Lake in the state of Minnesota, United States

Amelia Lake is a lake in Pope County, Minnesota, the United States, located 6.7 miles away from Glenwood. Amelia lake has an elevation of around 1348 ft. The lake sits on a lot of 910 acres. The depth of Amelia Lake is 69 ft and water clarity can approach 12 ft during the summer. This lake is open to the public to fish with a proper fishing license.

The lake is not the same as Lake Nokomis, which was also called "Lake Amelia" from at least 1823 until 1910, when its name was changed to that of the grandmother of Hiawatha.

==Hydrography==
Lake Amelia is the last in a chain of three lakes, the other two being Leven Lake and Villard Lake. Amelia is the source of the east branch of the Chippewa River.

==Fishing==
Lake Amelia offers many different types of fish. Some of the fish at Amelia Lake include: Black Bullhead, Black Crappie, Bluegill, Brown Bullhead, Largemouth Bass, Northern Pike, Pumpkinseed, Rock Bass, Walleye, White Sucker, Yellow Bullhead and Yellow Perch. Chinese mystery snails have been found in Amelia Lake.

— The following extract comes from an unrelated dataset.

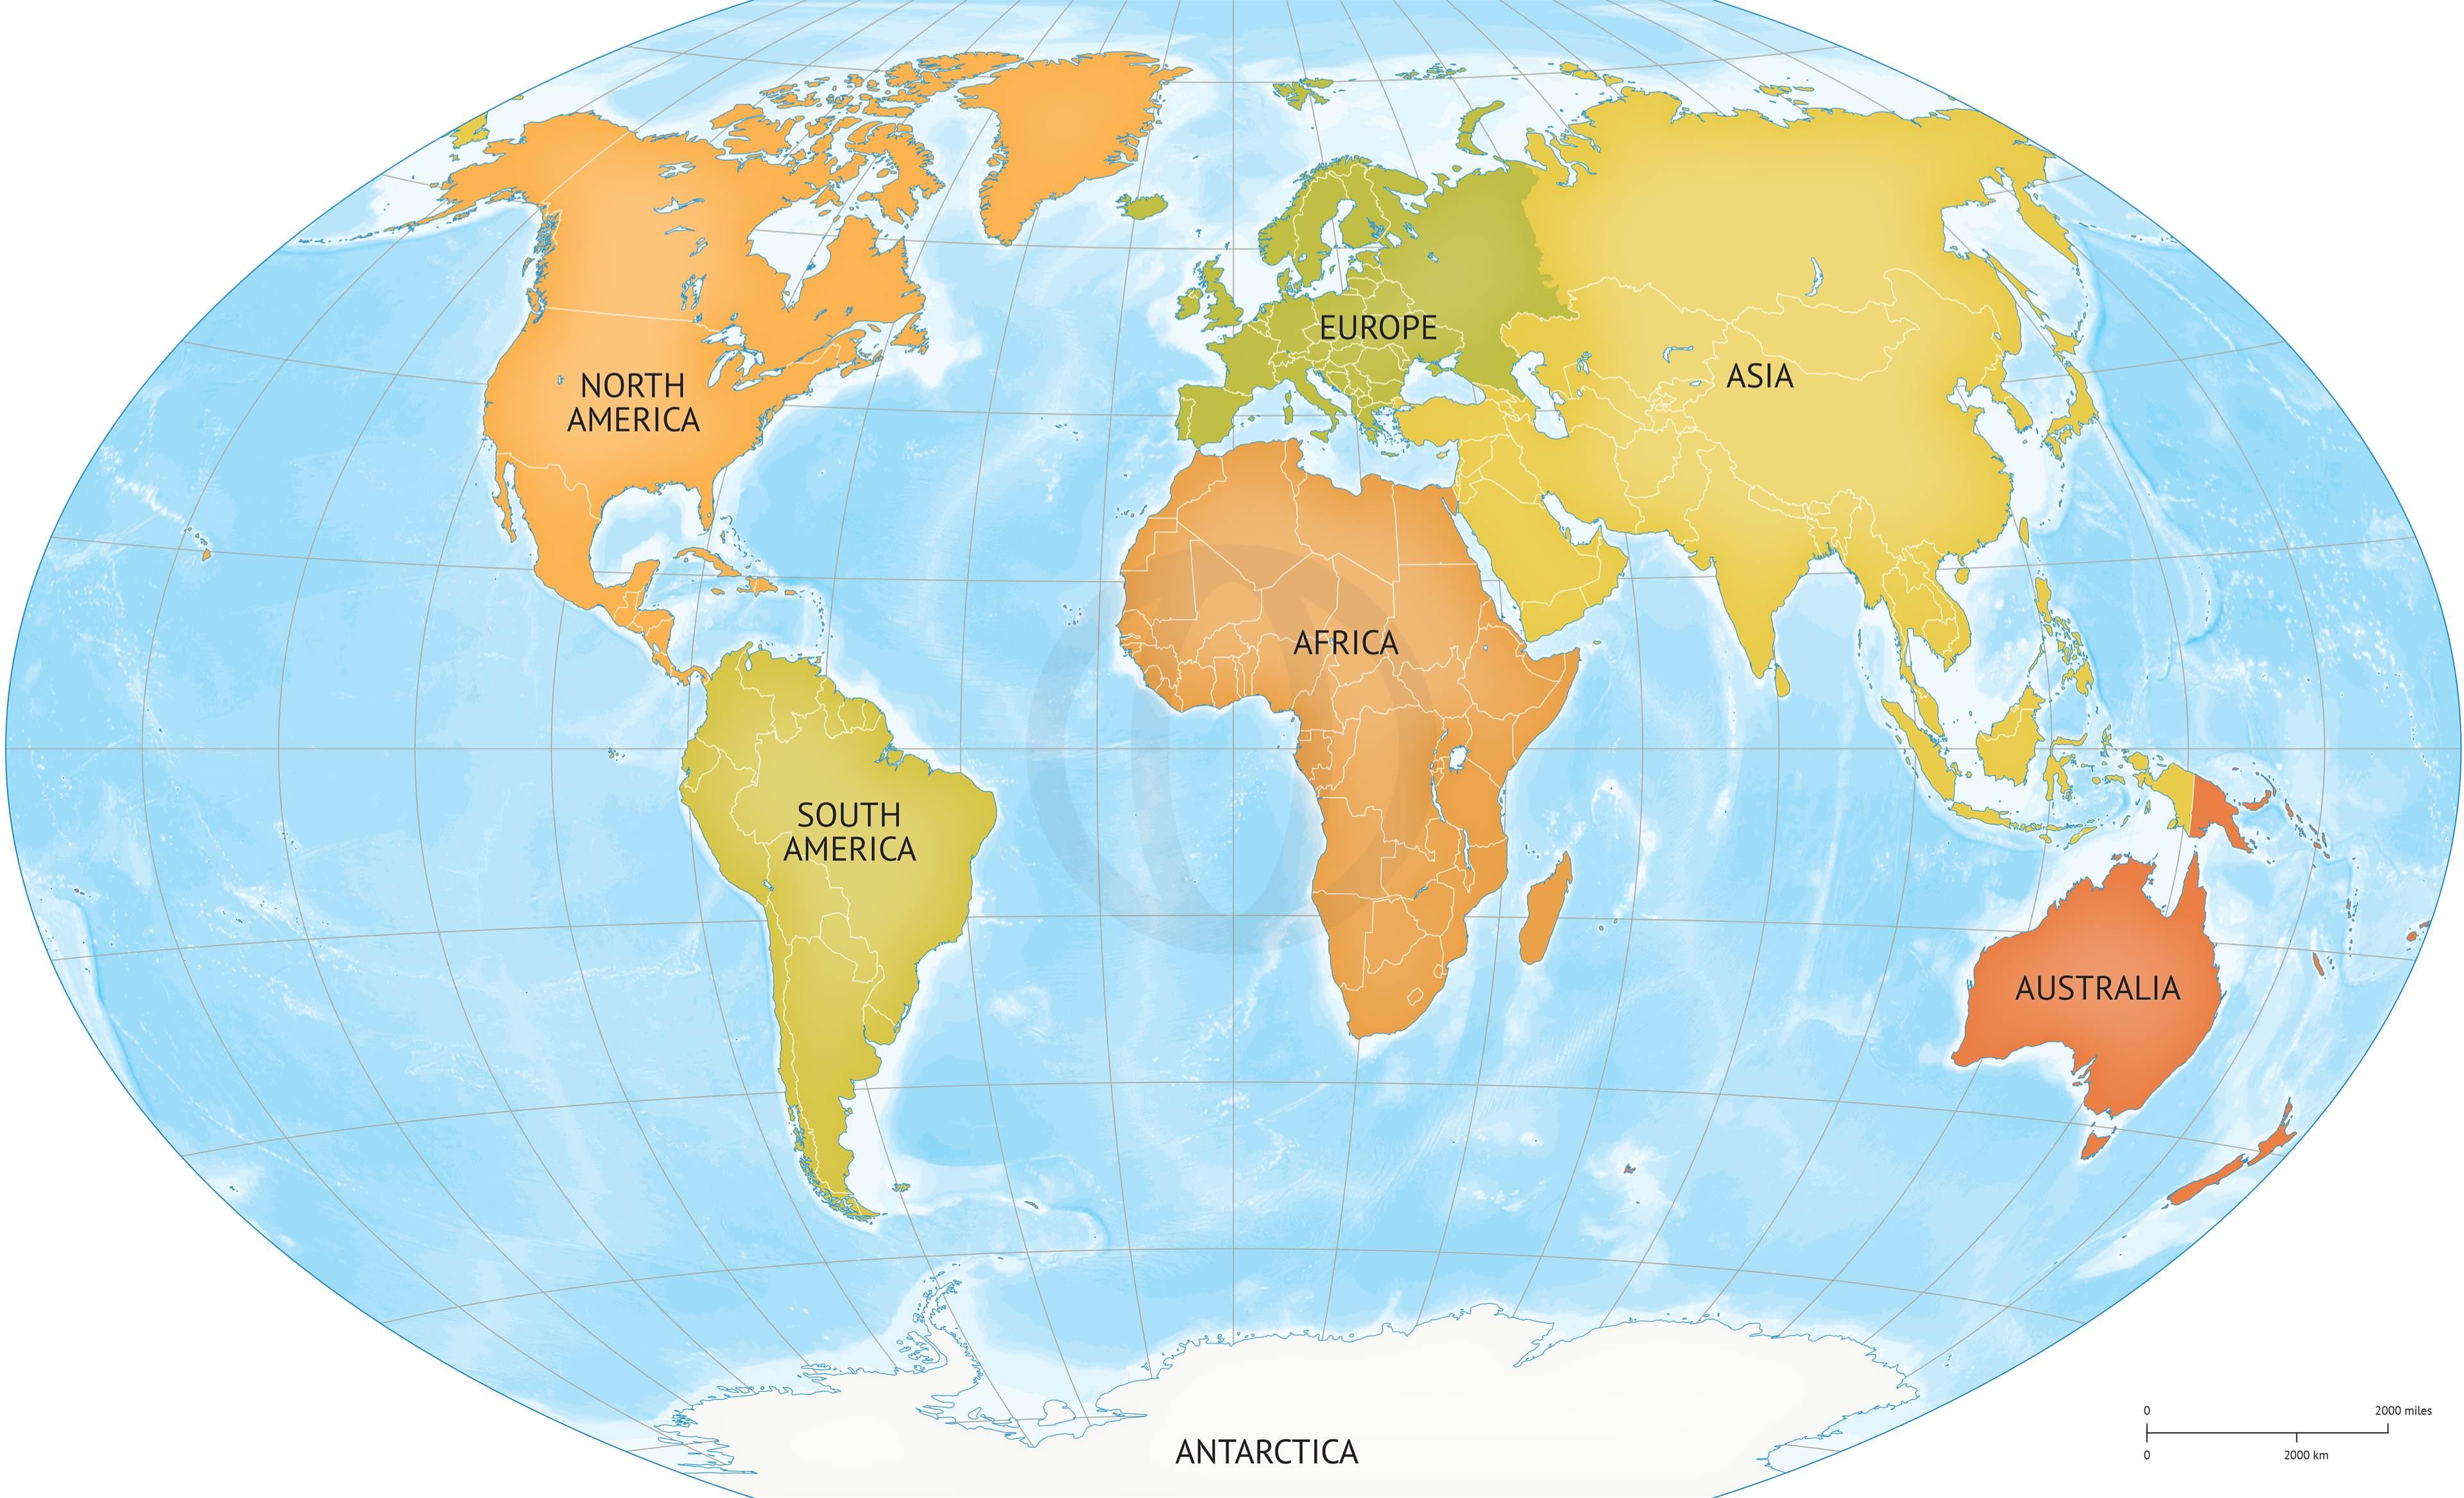 Maps Update 1280773 Dubai on Global Map Where is Dubai located – Dubai Map of the World
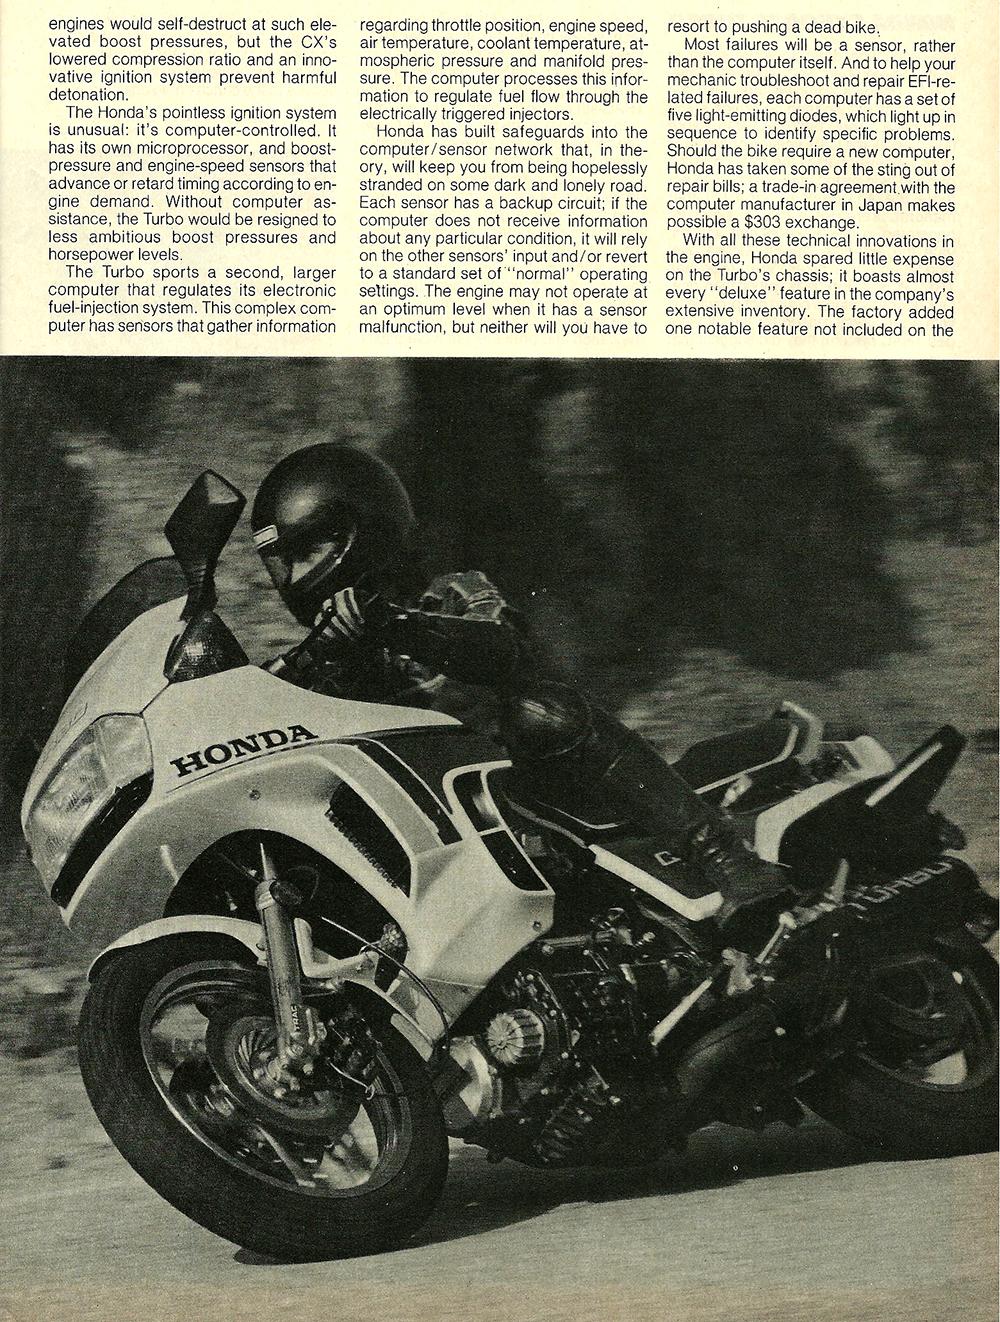 1982 Honda CX500TC Turbo road test 04.jpg

Minnesota Statue requires boaters to thoroughly check their boats and equipment before entering and leaving the lake.

==Stocking==
Walleye is the only species that is being stocked in Amelia Lake. Since 2004, they have been continuously stocking the lake's water. They have been stocking fingerlings, yearlings, and fry. The last year that the lake was stocked was 2012. For more information, go to Minnesota Department of Natural Resources.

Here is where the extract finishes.